*Try it*: Leaving pictures out, repeat word for word the line that has "Southeast PA Painting" and each line that follows it to the end of the listing.

START Recorded data

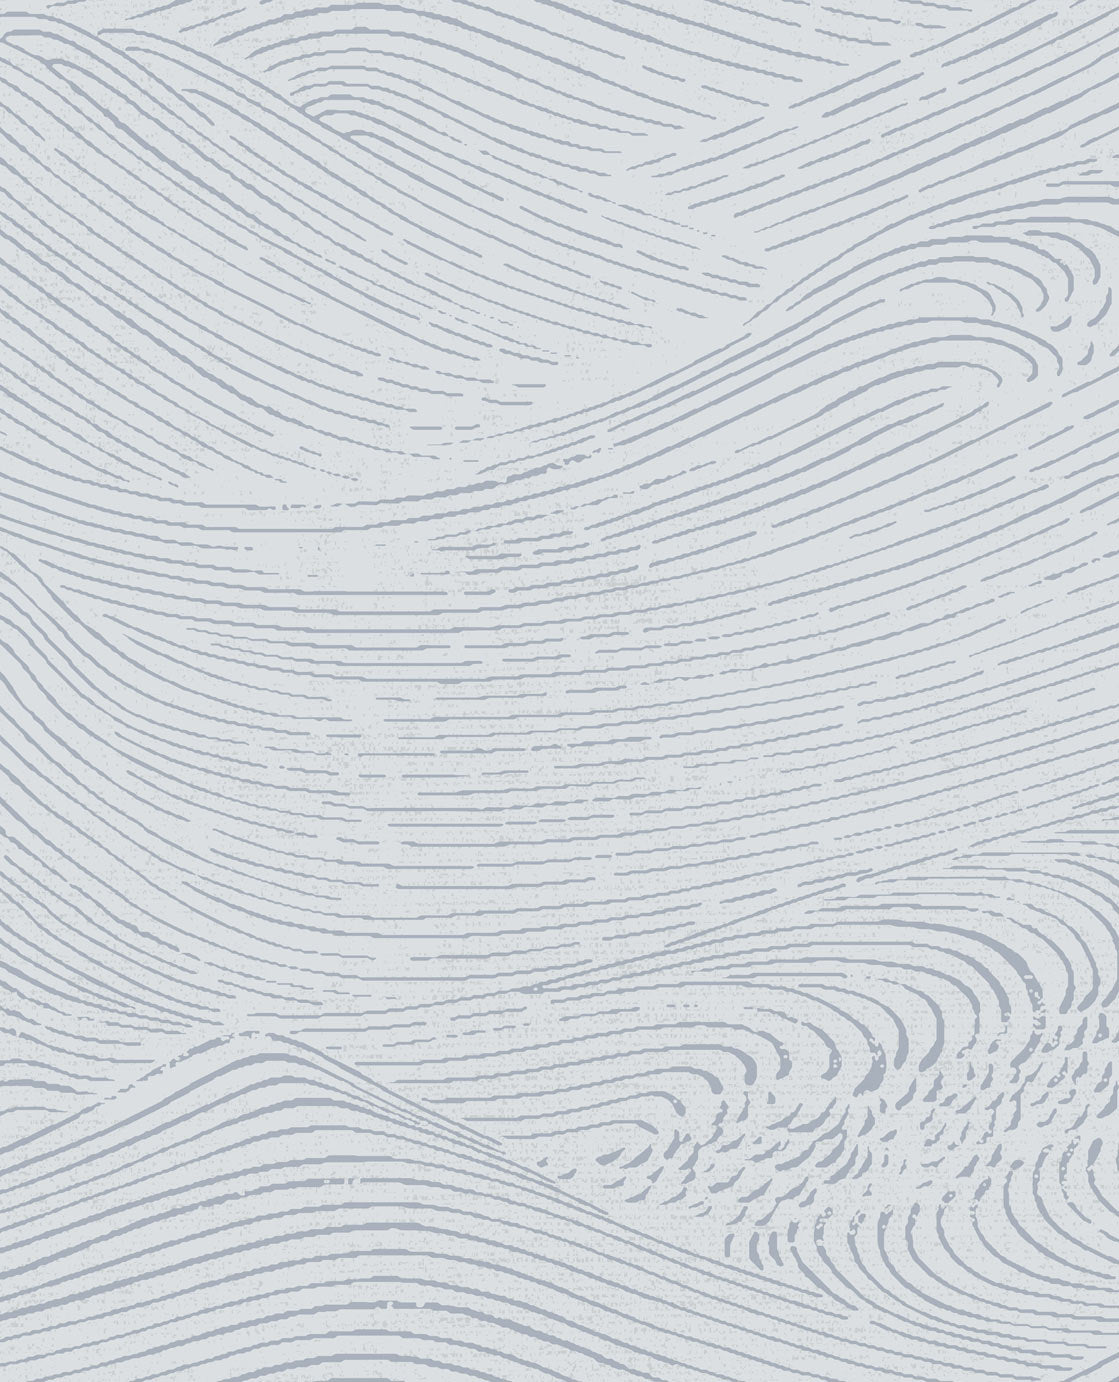 Enso Japanese Wave wallpaper
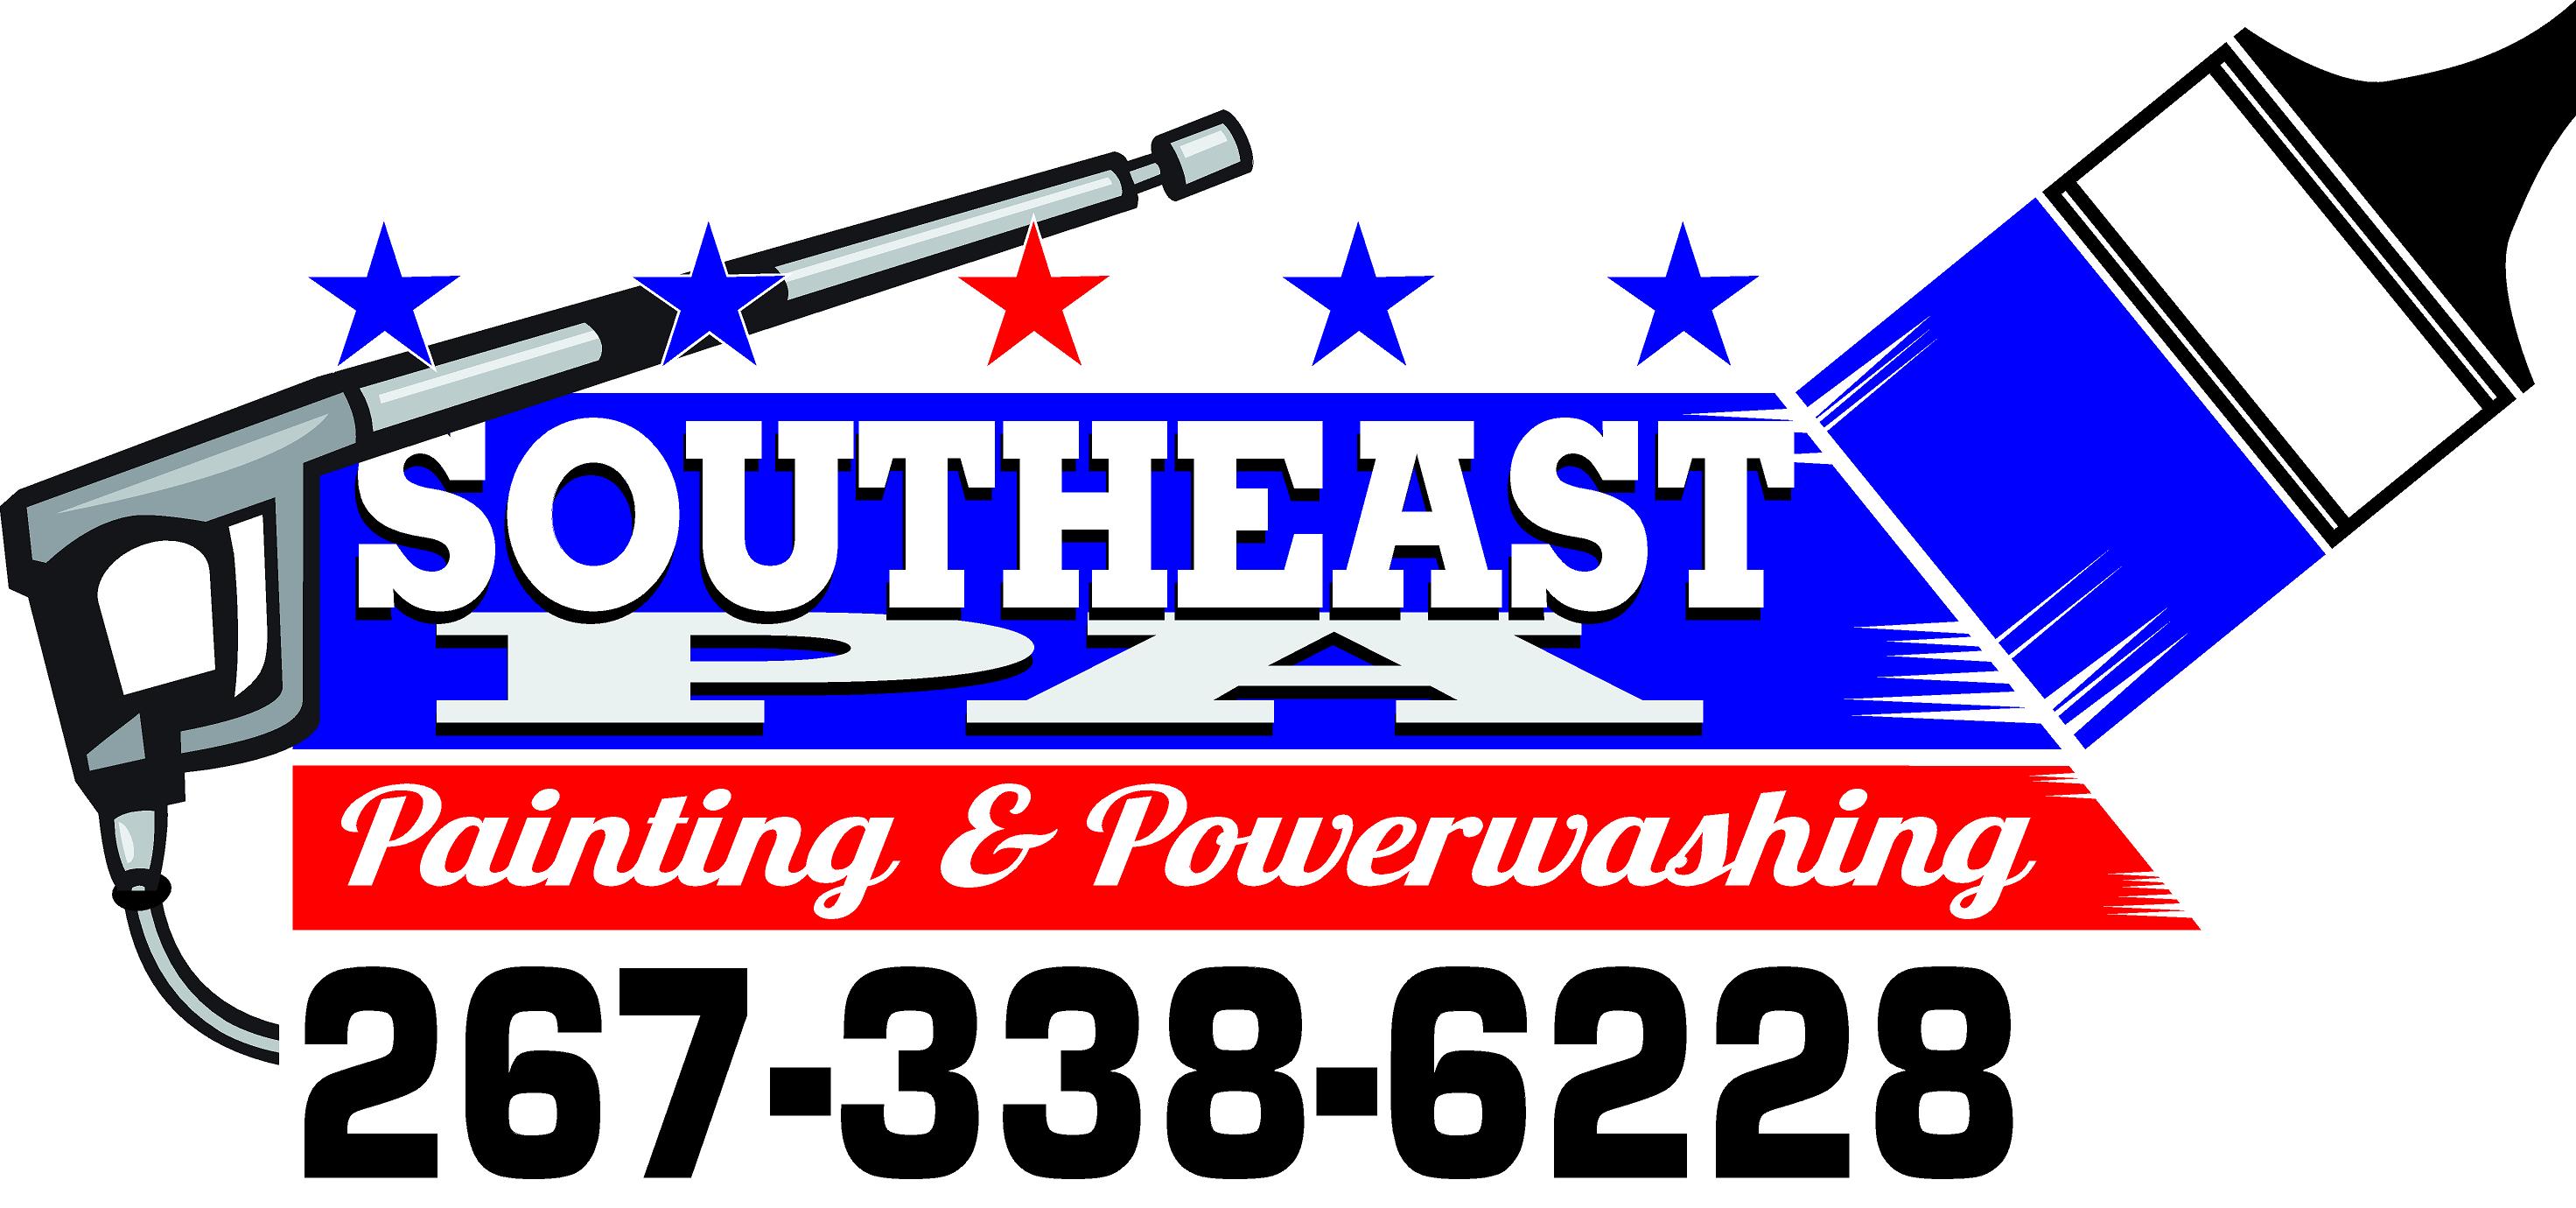 Southeast PA Painting and Powerwashing Service, LLC Logo
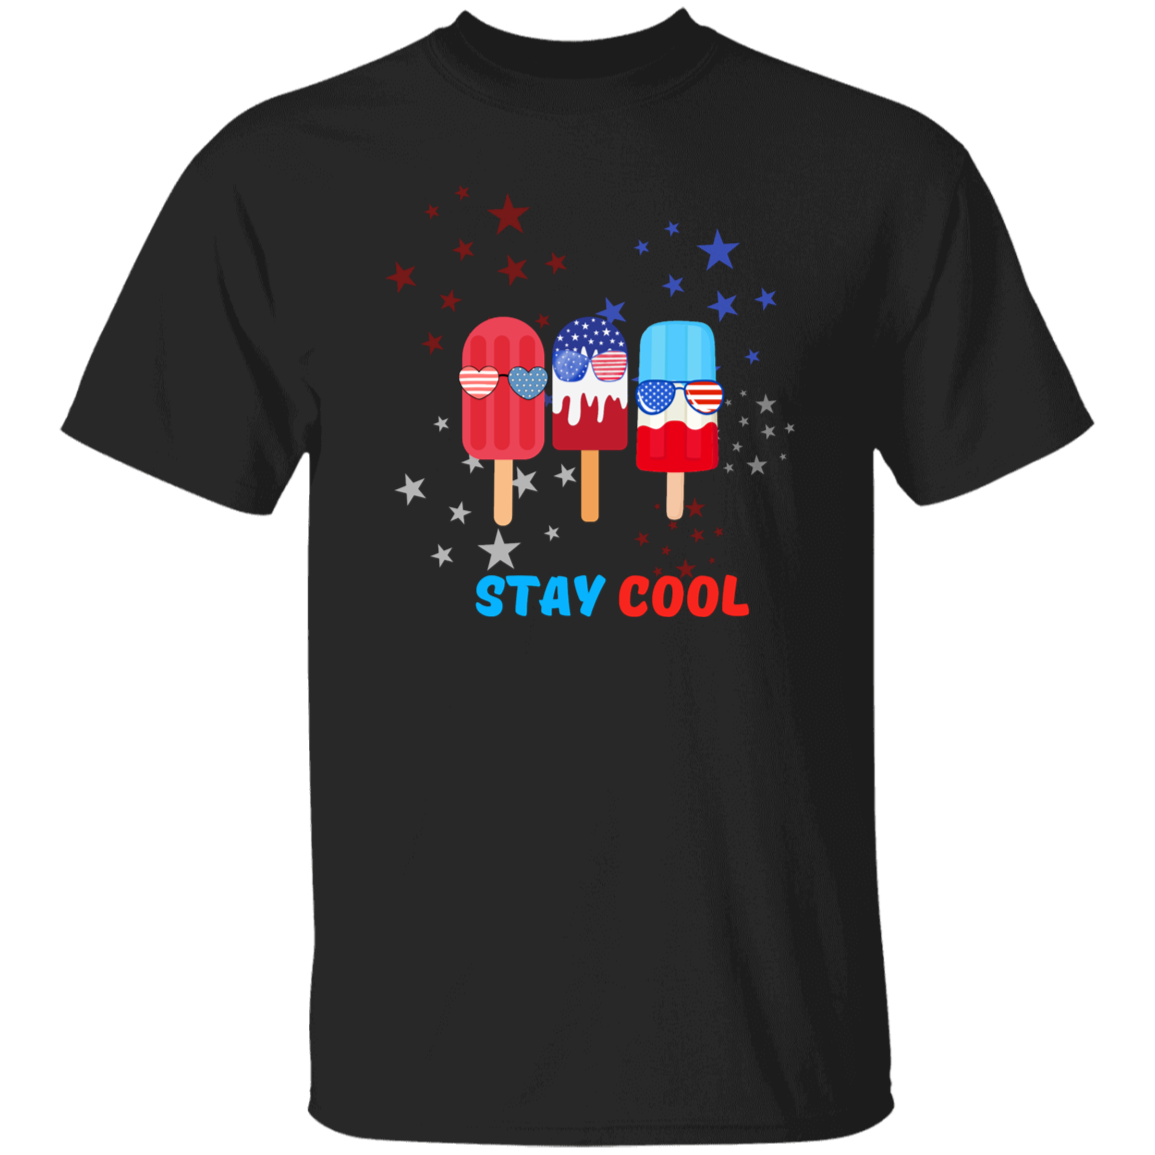 "Stay Cool" Summer Short Sleeve T-Shirt
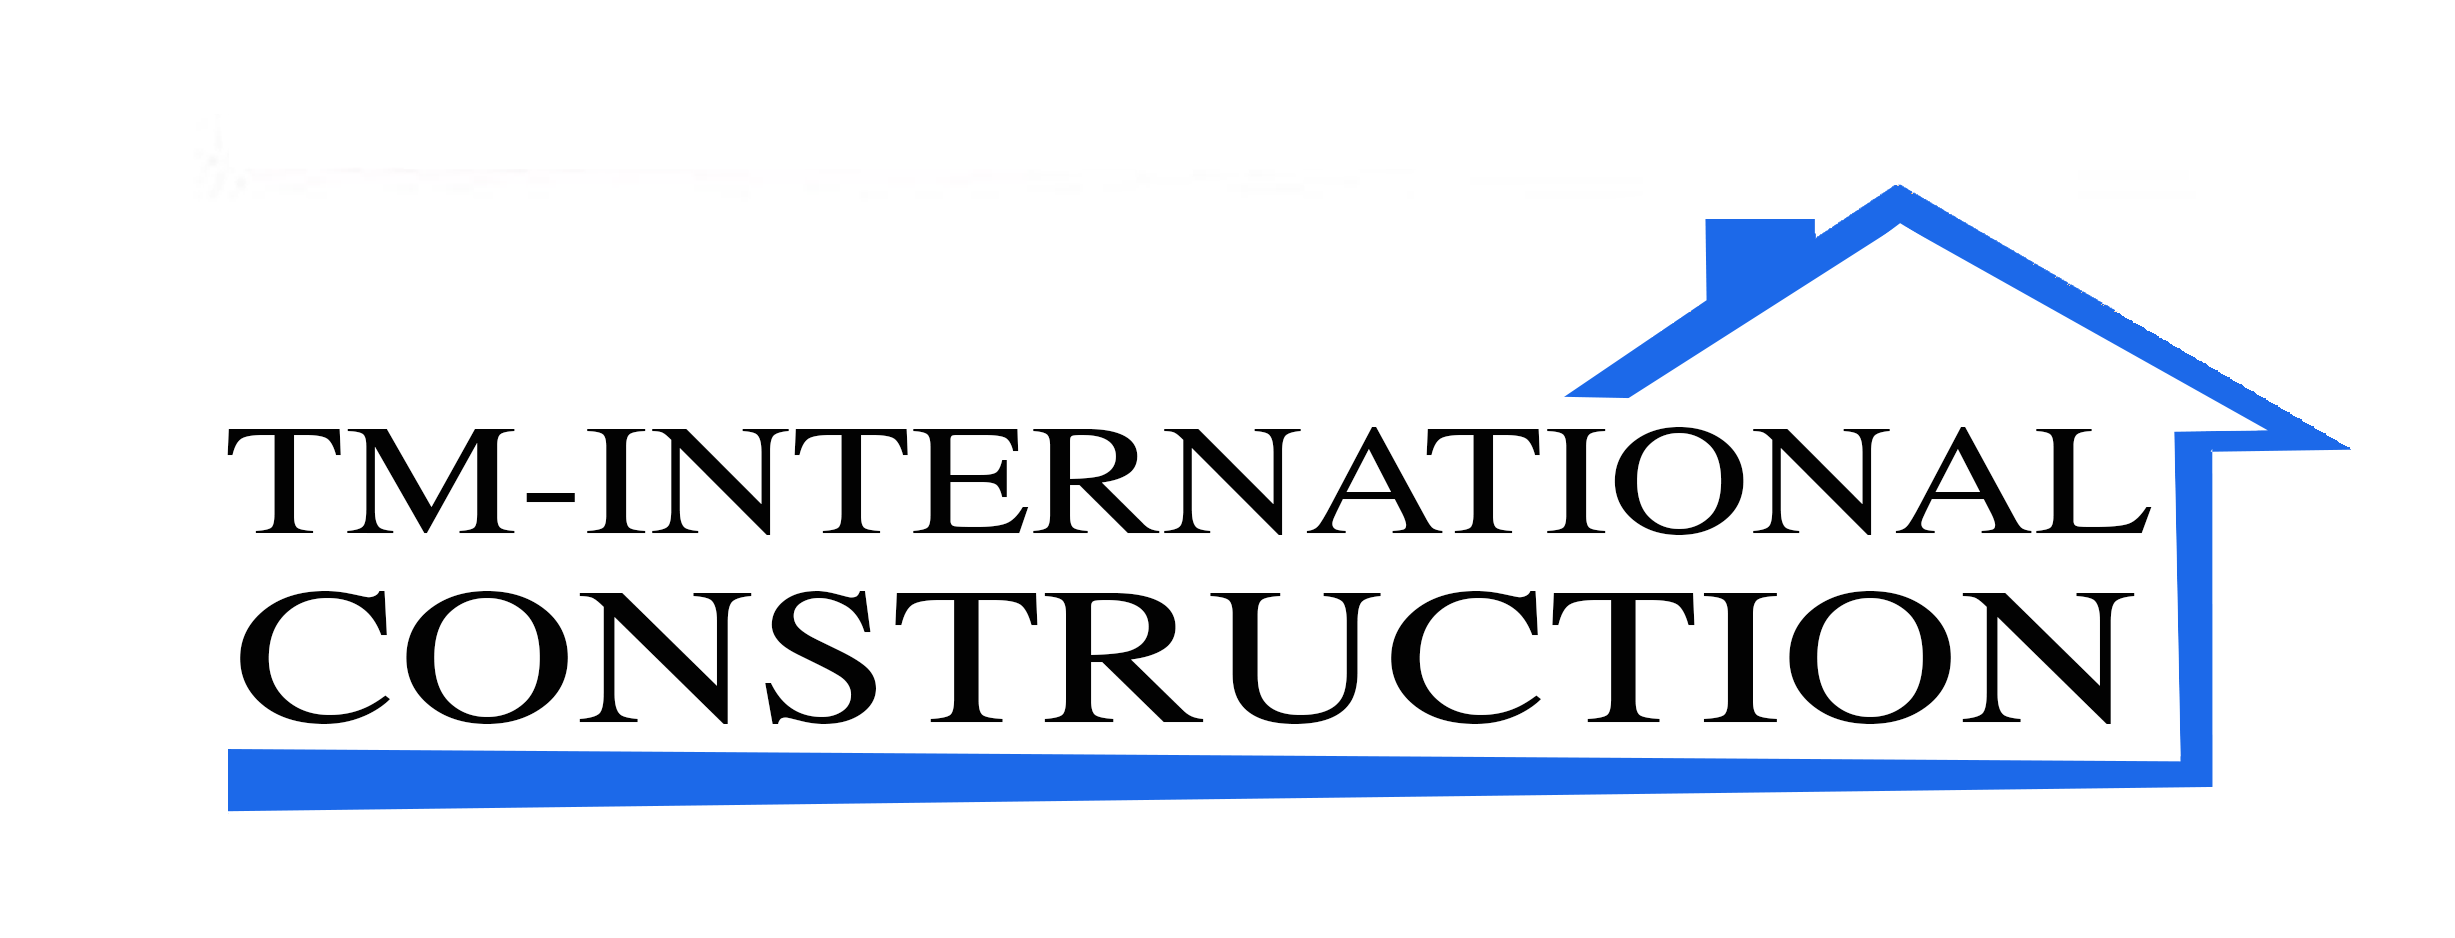 TM INTERNATIONAL CONSTRUCTION logo

END Recorded data

*Result*:
 Southeast PA Painting and Powerwashing Service, LLC Logo
 "Stay Cool" Summer Short Sleeve T-Shirt
 TM INTERNATIONAL CONSTRUCTION logo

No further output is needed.